Original | Odaily Planet Daily (@OdailyChina)
Author | Azuma (@azuma_eth)
The popular project Hyperliquid (HYPE) today experienced the largest round of correction since its launch.
According to Bitget market data, as of around 14:00 Beijing time, HYPE is quoted at 26.21 USDT, with a daily decline of up to 20.5%.
Have North Korean hackers targeted Hyperliquid?
Looking around the market news, the largest event discussed in the Hyperliquid community today is a warning from well-known security researcher Tay (@tayvano_) — multiple addresses marked as North Korean hackers have recently been trading on Hyperliquid, with total losses exceeding $700,000.
Although as of the time of writing, Hyperliquid has not shown any signs of being attacked, as Tay said, 'If I were one of the 4 validators managing Hyperliquid, I might have already peed my pants'... Signs of activity from the strongest hacker forces in the cryptocurrency world may indicate that North Korean hackers have targeted Hyperliquid as a potential target and are testing the system's stability by executing trades.
Tay's post sparked heated discussions within the community, especially the issue related to the '4 validators' mentioned by Tay, which has led to intense debate. Some community users even view it as the weakest link in the current security of the Hyperliquid system.
Potential threat: $2.3 billion relies solely on 3/4 multi-signature.
Abstract developer cygaar explained that there are currently $2.3 billion in USDC coexisting in the Hyperliquid bridging contract deployed on Arbitrum, and most functions in that bridging contract require 2/3 of the validators' signatures to execute (since there are only 4 validators, 3 signatures are actually needed).
Assuming the majority (3/4) of the validators are compromised, the compromised validators can submit a request to withdraw all USDC from the bridging contract and send them to a malicious address. Since the attackers have controlled the vast majority of validators, they will be able to pass through smoothly and ultimately confirm the withdrawal request, meaning that $2.3 billion in USDC will be transferred to the attackers.
Currently, there are two lines of defense that can intervene to prevent these USDC from being permanently lost.
The first line of defense is deployed at the contract level of USDC. Circle's blacklist mechanism can completely prohibit specific addresses from transferring USDC; if they act quickly enough, they can prevent the attacker from transferring the stolen USDC, effectively freezing the funds and repaying the Hyperliquid bridging contract.
Regarding this line of defense, security expert ZachXBT commented that Circle is very inefficient, and one should not expect them to make any remedies, but ZachXBT also clarified that this comment is only directed at Circle and does not reflect on Hyperliquid.
The second line of defense is deployed at the Arbitrum network level.

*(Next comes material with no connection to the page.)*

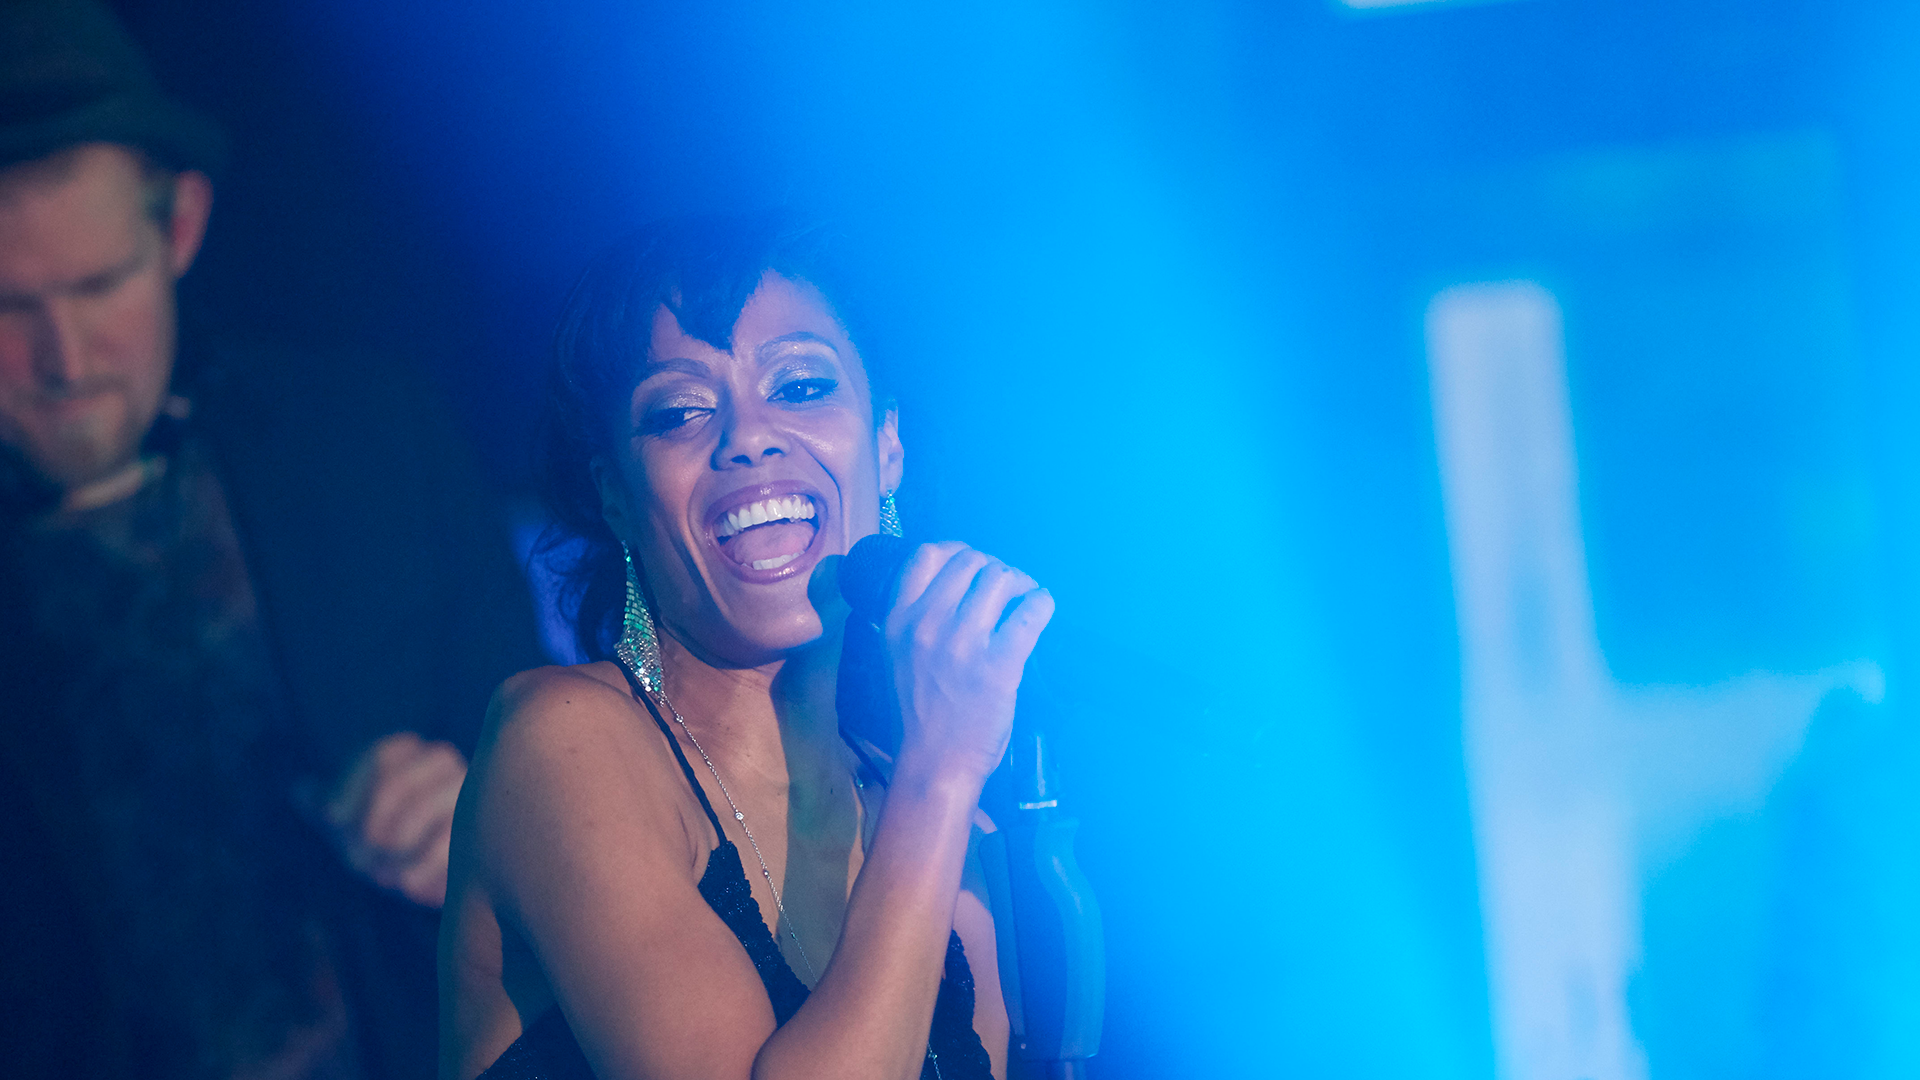 DJ-Neils-plus-Live-Acts-Eventband-Eventact-Online-Live-2021-01

Currently, the Arbitrum L1/L2 bridging contract on Ethereum is protected by a 9/12 multi-signature contract (security committee). Assuming the attacker somehow controls the $2.3 billion USDC and immediately exchanges it for other tokens, thereby evading Circle's blacklist mechanism. Theoretically, the Arbitrum security committee could also change the chain's state to roll back and prevent the initial attack transaction from occurring. In an 'emergency,' the committee can vote to decide whether to intervene.
cygaar further stated that the last line of defense is clearly highly controversial and should only be used in the most critical situations.
"Deliberate FUD" or "Good Faith Warning"? Community responses vary.
The community's response to Tay's warning post has shown a clear polarization.
On one hand, some community members believe that Tay's warning is exaggerated, especially after HYPE's decline, many community users believe Tay is just 'deliberately creating FUD.'
Some community members pointed out that North Korean hackers target every protocol with a high TVL, not just Hyperliquid. Simply discovering traces of hackers does not necessarily indicate that the protocol is under threat.
Some community members also pointed out that Tay actually works for Consensys, and his so-called 'warning' raises suspicions of vested interests, as it seems aimed at securing the most favorable cooperation between Consensys and the Hyperliquid team.
On the other hand, some well-known figures have chosen to support Tay's security work.
Well-known white hat hacker samczsun stated that although Tay has been serving the cryptocurrency industry voluntarily for several years, he has faced fierce criticism for this post, simply because HYPE's price dropped significantly after the warning was issued... It's really sad to see such news.
Evgeny Gaevoy, founder and CEO of Wintermute, also mentioned that Tay's communication style might be a bit rough (after the tweet was posted, Tay had a heated exchange with some users who criticized him), but such information cannot be ignored.
In summary, for Hyperliquid, which has been smooth sailing since its launch, today's discussion can be considered a minor incident in the project's operation. It can be said to be minor because Hyperliquid has not actually suffered an attack; it can be said to be significant because some vulnerabilities at the system level of Hyperliquid have been exposed, and community consensus on this incident has become somewhat divided... However, as a leading entity aiming to change industry rules, this incident can be seen as a good touchstone. How Hyperliquid resolves the 3/4 multi-signature issue and calms UFD will also be a good opportunity for the market to reassess the project's quality and efficiency.